__Exercise__. Write out, please, each line from the one containing "Περίληψη 2ου επεισοδίου" to the final line of the data, both included, exactly and without pictures.

__Dataset content__.
□ □ □ □ □ □ □

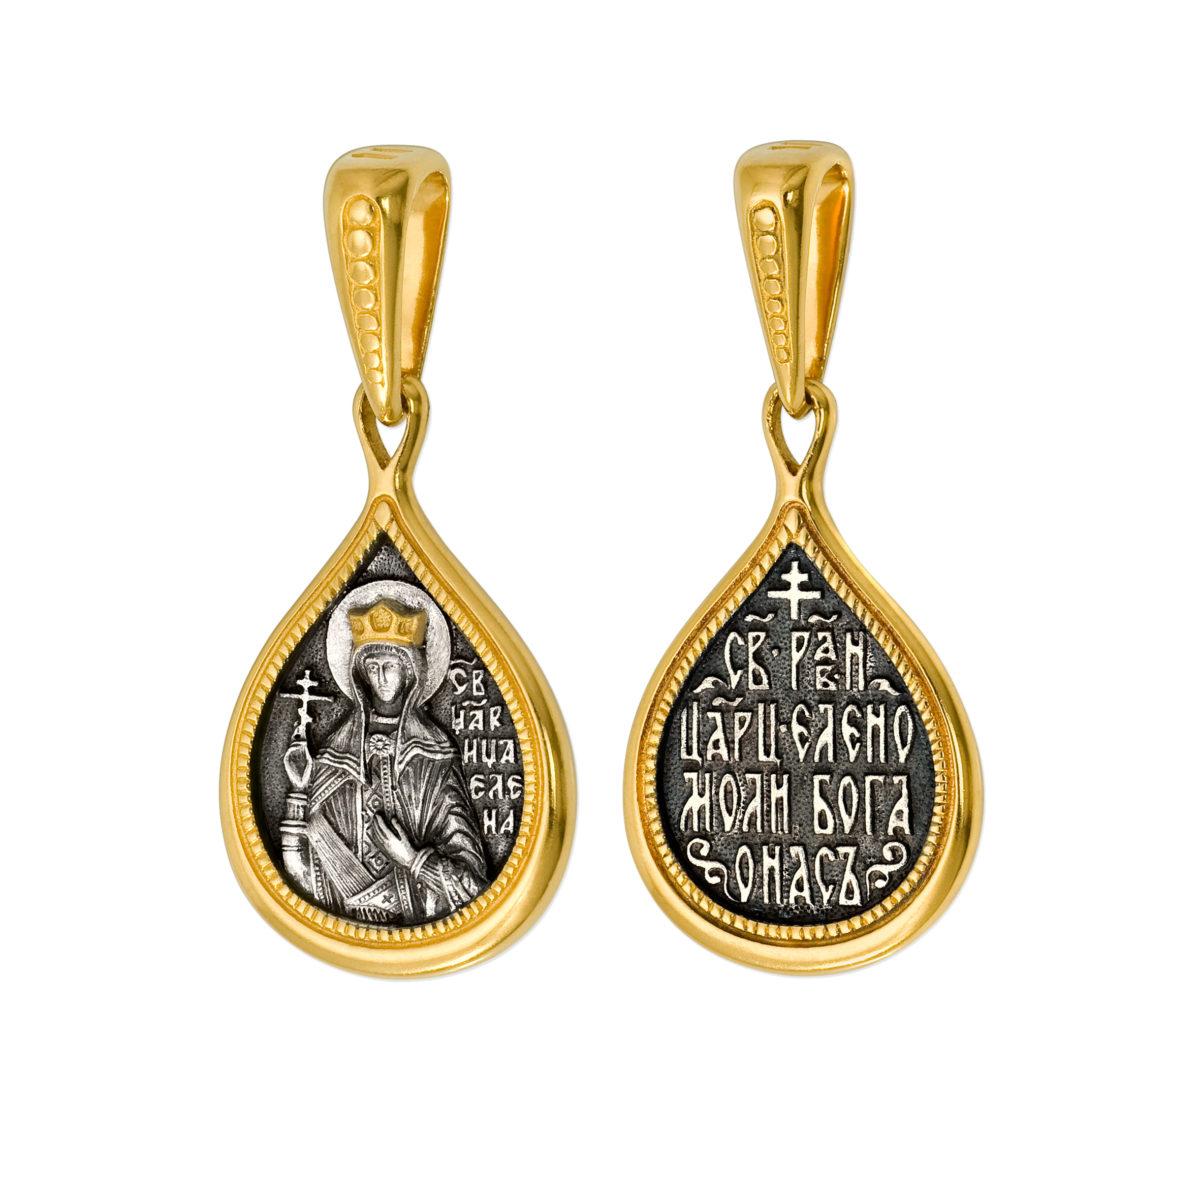 8.63 1200x1200 - Образок «Святая Равноапостольная Царица Елена»
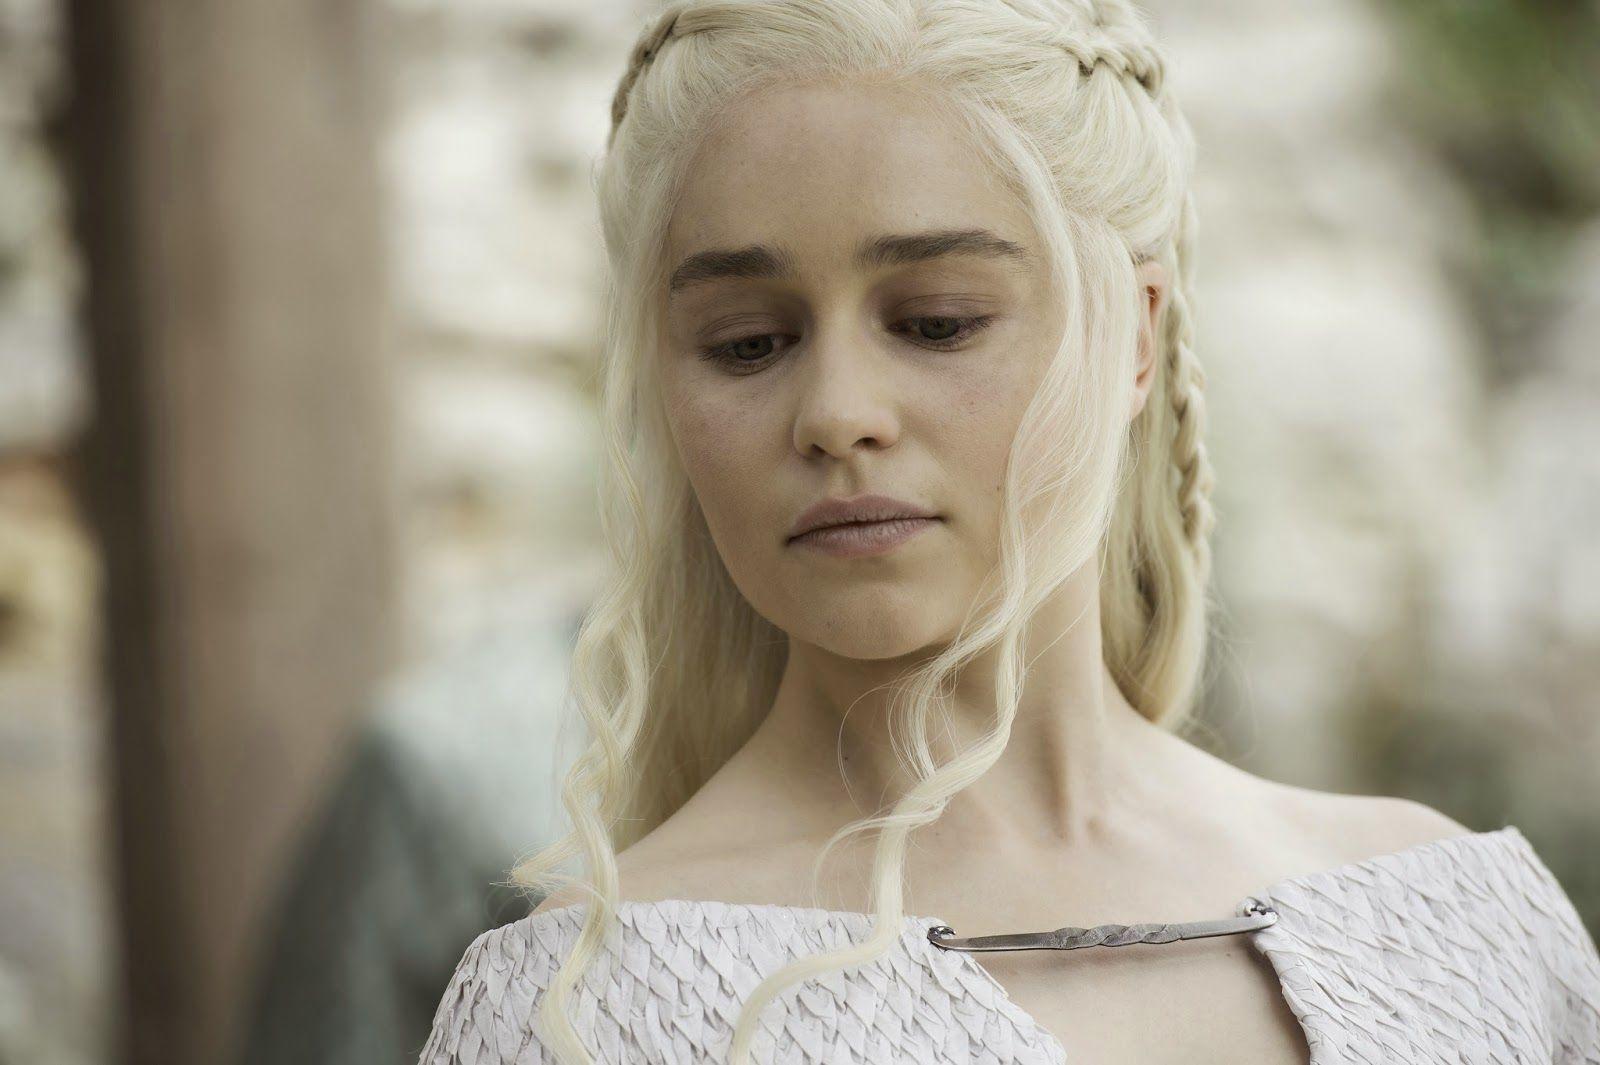 Περίληψη 2ου επεισοδίου - 5η σεζόν - Game Of Thrones GR Fans
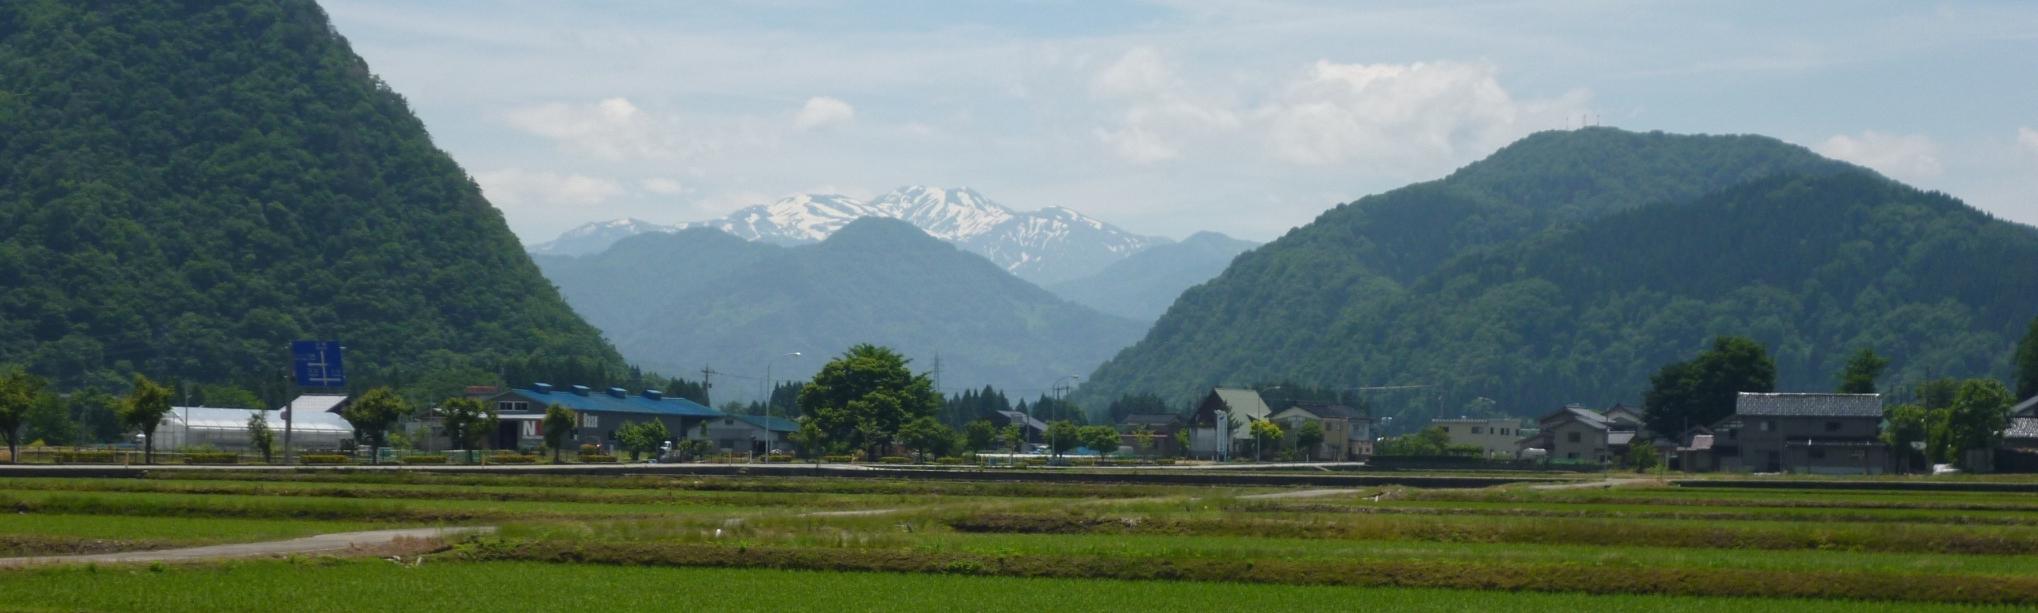 白山と高倉山
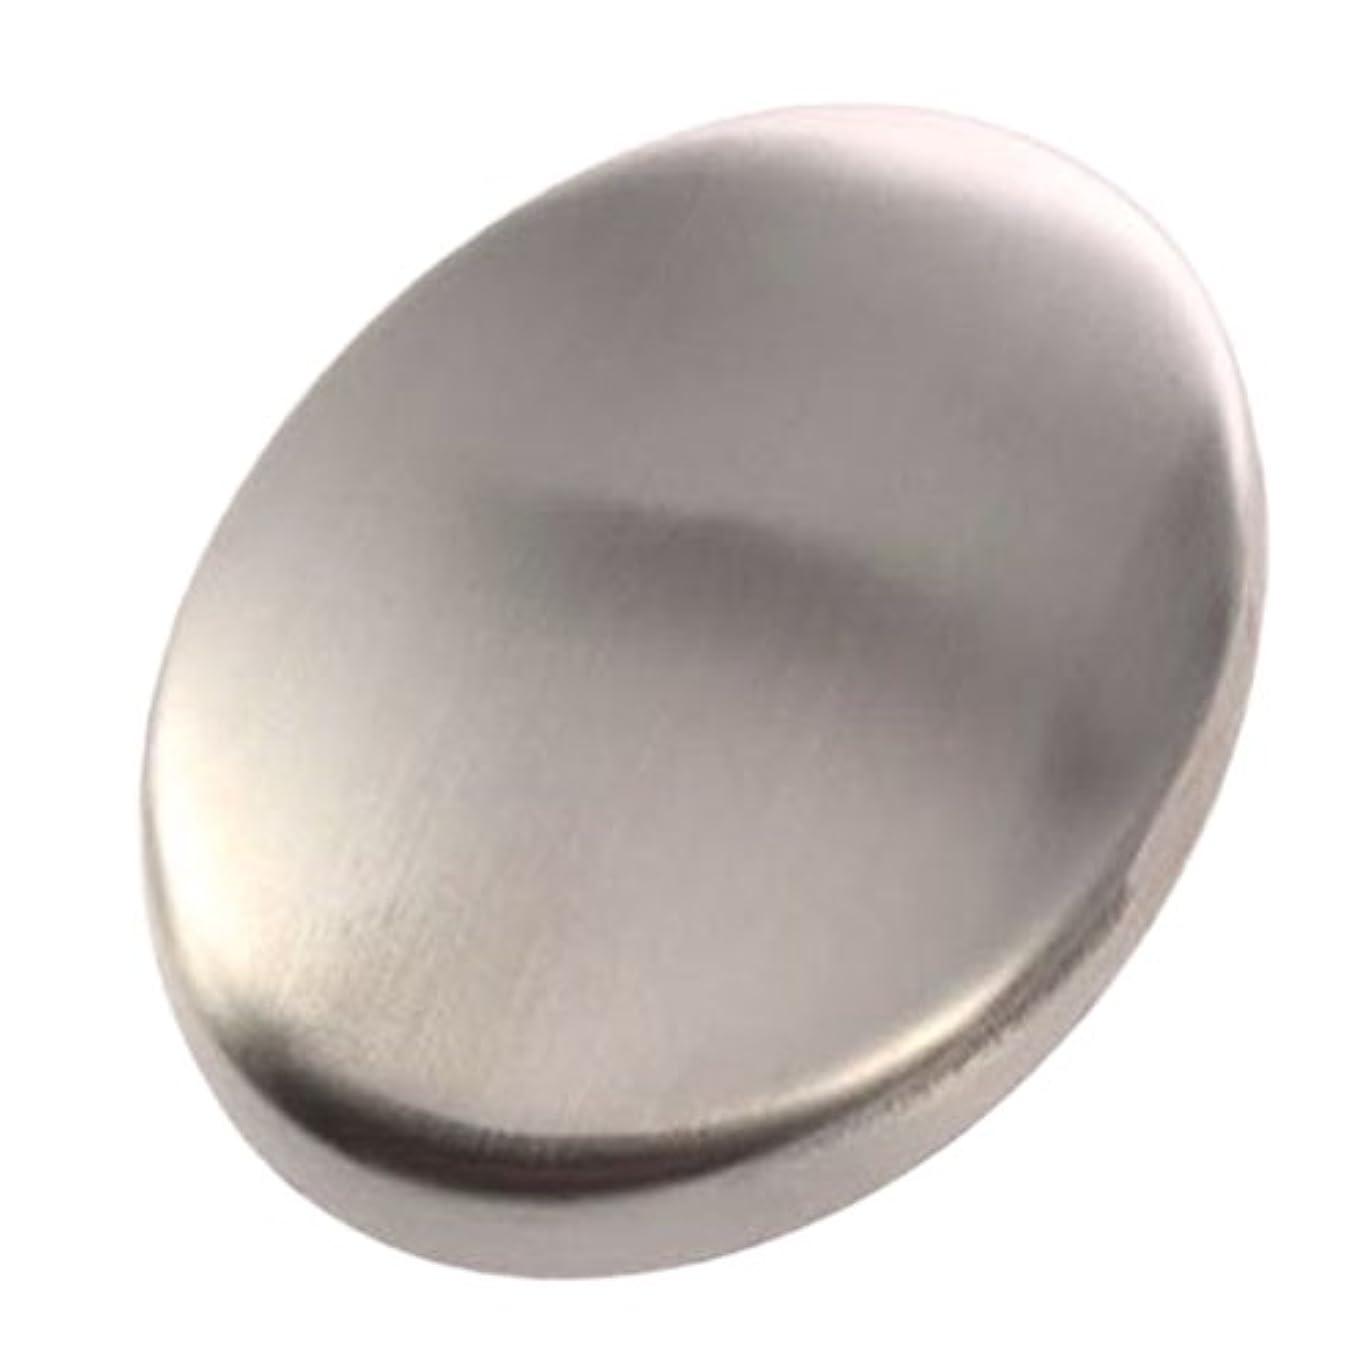 ズーム噴火歩道Zafina ステンレスソープ 円形 においとりソープ 臭い取り ステンレス石鹸

□ □ □ □ □ □ □

__Response area__.
 Περίληψη 2ου επεισοδίου - 5η σεζόν - Game Of Thrones GR Fans
 白山と高倉山
 ズーム噴火歩道Zafina ステンレスソープ 円形 においとりソープ 臭い取り ステンレス石鹸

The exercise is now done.